We’re so quick to measure success by external achievements: the published article, the perfect routine, the Instagram-worthy moment.
But real success? It’s quieter than that. It’s the challenges you’ve already faced and moved through, even when you didn’t realize how strong you were being.
If you’ve overcome these eight life challenges, you’ve already succeeded more than you think. And I’m willing to bet you’ve conquered more of these than you give yourself credit for.
1) Learning to set boundaries without guilt
For years, I said yes to everything. Every playdate invitation. Every volunteer opportunity at the community garden. Every family member’s unsolicited parenting advice that required a lengthy, gentle response.
Then one week when Ellie was three, I found myself so exhausted that I snapped at her over spilled juice. That’s when I knew something had to change.

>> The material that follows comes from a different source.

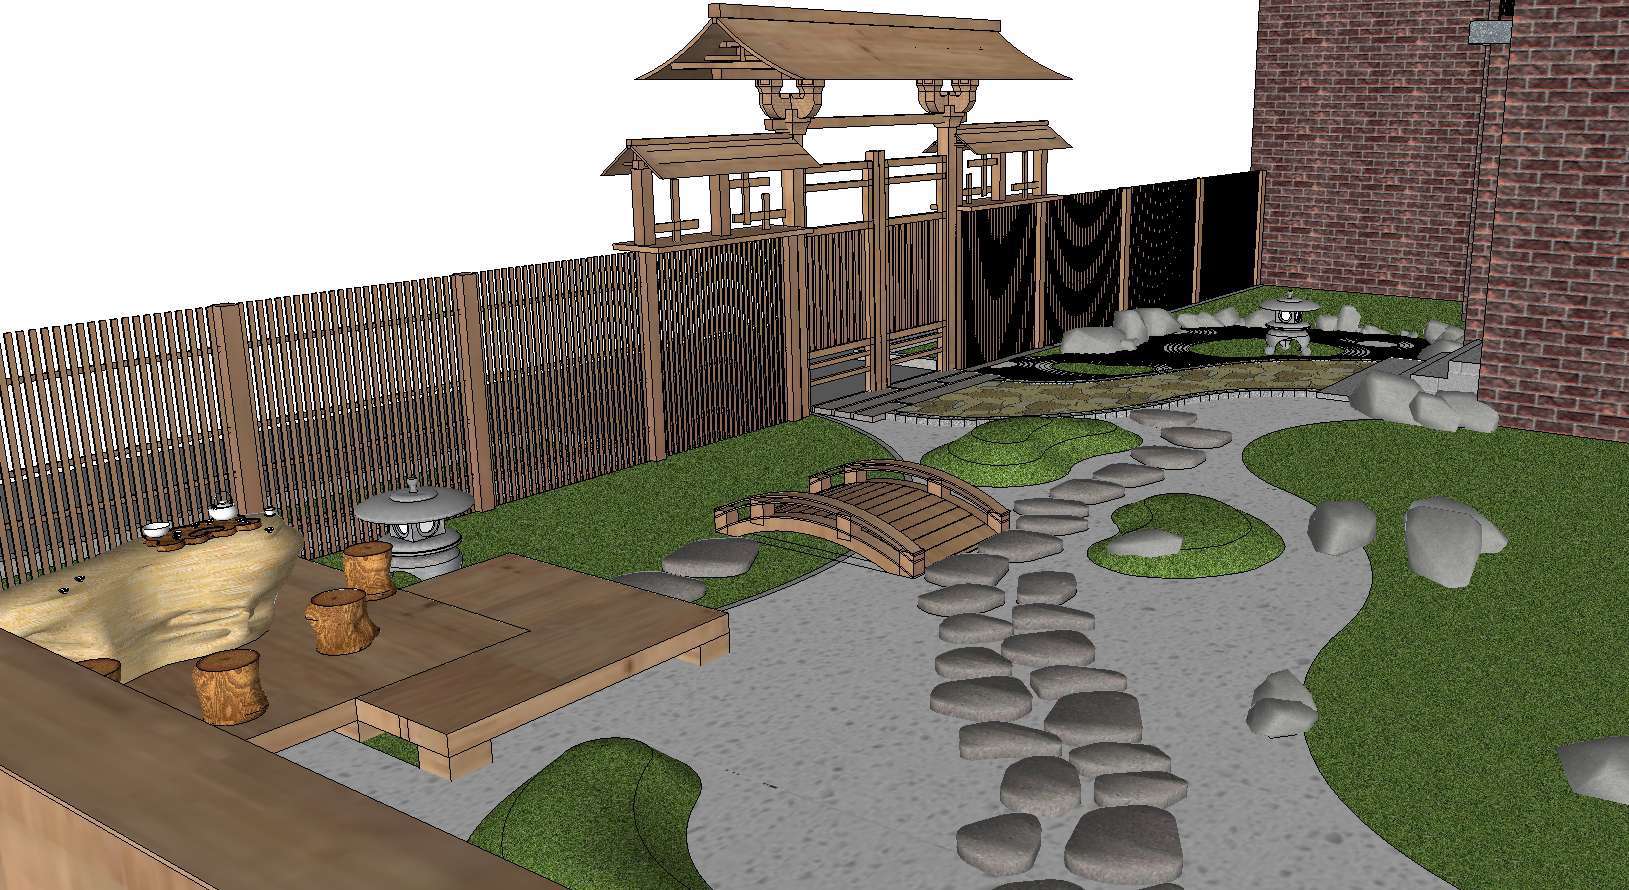 SketchUp Guide for Gardeners

Setting boundaries felt selfish at first. Like I was somehow failing as a friend, daughter, or community member. But as Brené Brown notes, “Boundaries are a prerequisite for compassion and empathy. We can’t connect with someone unless we’re clear about where we end and they begin.”
I started small. Saying no to one extra commitment per week. Letting calls from my mom go to voicemail when I was depleted, then calling her back when I had energy. Telling friends that Tuesdays were our family’s quiet day at home.
The guilt didn’t disappear overnight. But what did change was my capacity to actually be present with my kids. Matt noticed the difference too: I stopped being resentful about things I’d agreed to do but didn’t really want to.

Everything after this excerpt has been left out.